Suppose \(f\) is continous on the finite closed interval \([a,b]\). Then \(f\) has a maximum value and a minimum value on \([a,b]\)

Notes:

• The above theorem allows us an easier way to find the maximum and minimum values of a continous function on a finite closed interval. In the previous sections solution, you could see how difficult is find if something is a local minima or a maxima.
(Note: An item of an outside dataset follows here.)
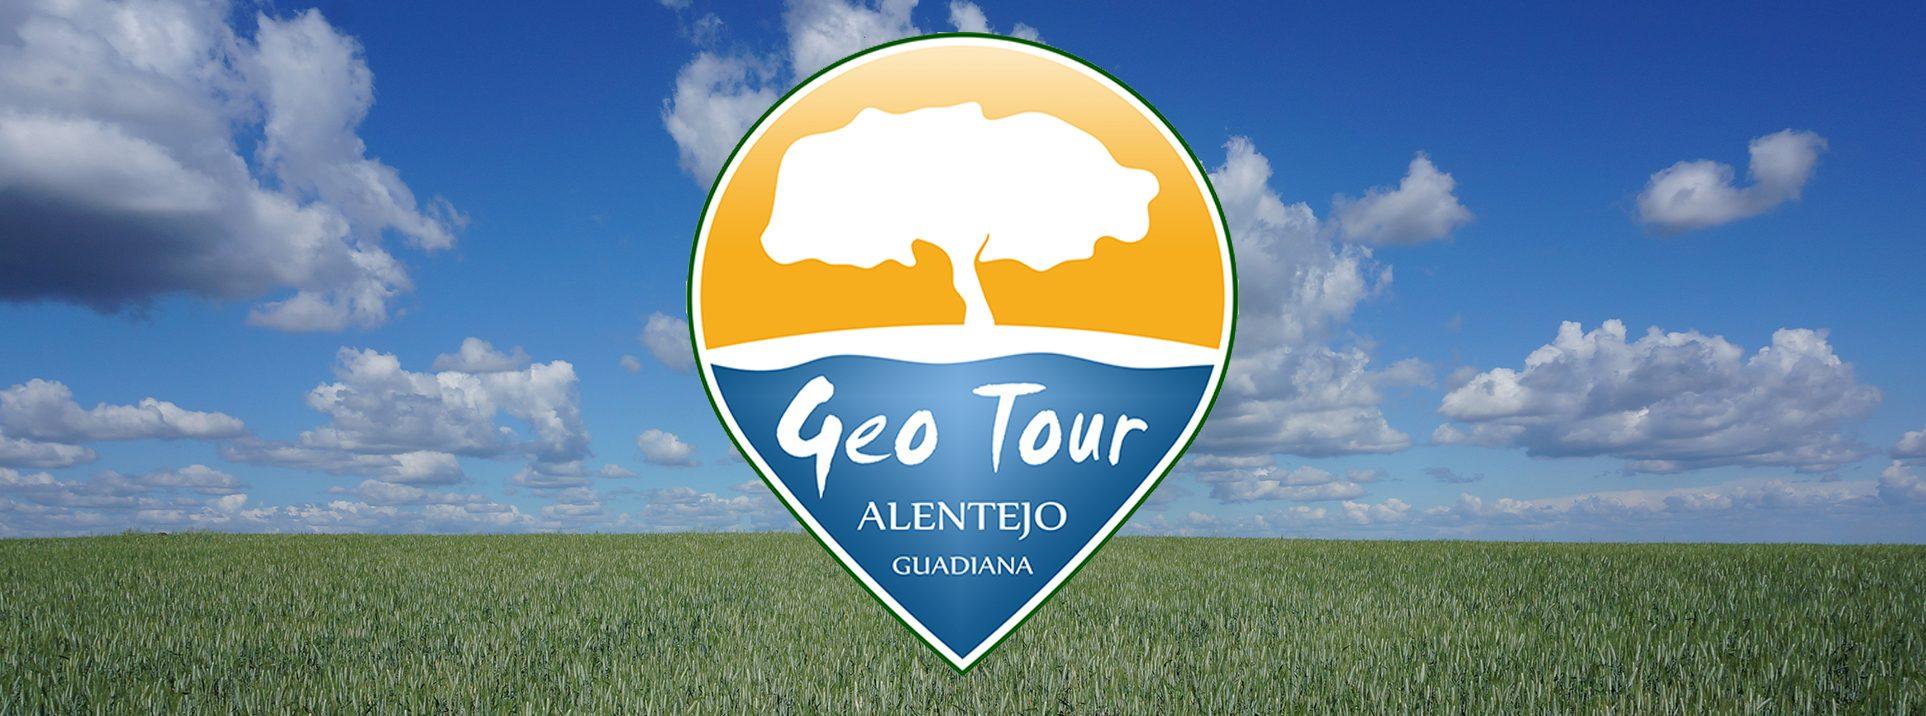 Alentejo GeoTour (Guadiana)

But using this method, find the values at the endpoints and the critical numbers - whichever one is the largest must be the maximum value of the function on the interval and whichever one is the smallest is the minimum value on that particular interval.

If \(a \leq u < v \leq b\), then we will say that the interval \([u,v]\) is nonmaximizing if there is some number \(d \in [a,b]\) such that for every \(x \in [u,v]\), \(f(x) < f(d)\).

In other words, the interval \([u,v]\) is nonmaximizing if there is a point \((d,f(d))\) on the graph of \(f\) that is higher than any point on the part of the graph of \(f\) with \(u \leq x \leq v\).

If \([u,v]\) is not nonmaximizing, then we say that it is maximizing.

Notes: If we are looking for a number where \(f\) attains its maximum value on the interval \([a,b]\), there is no point in looking in a nonmaximizing interval.

Suppose that \([u,v]\) is a maximizing interval. Then there are numbers \(u'\) and \(v'\) such that \(u \leq u' < v' \leq v, v' - u' = (v-u)/2\), and \([u',v']\) is maximizing.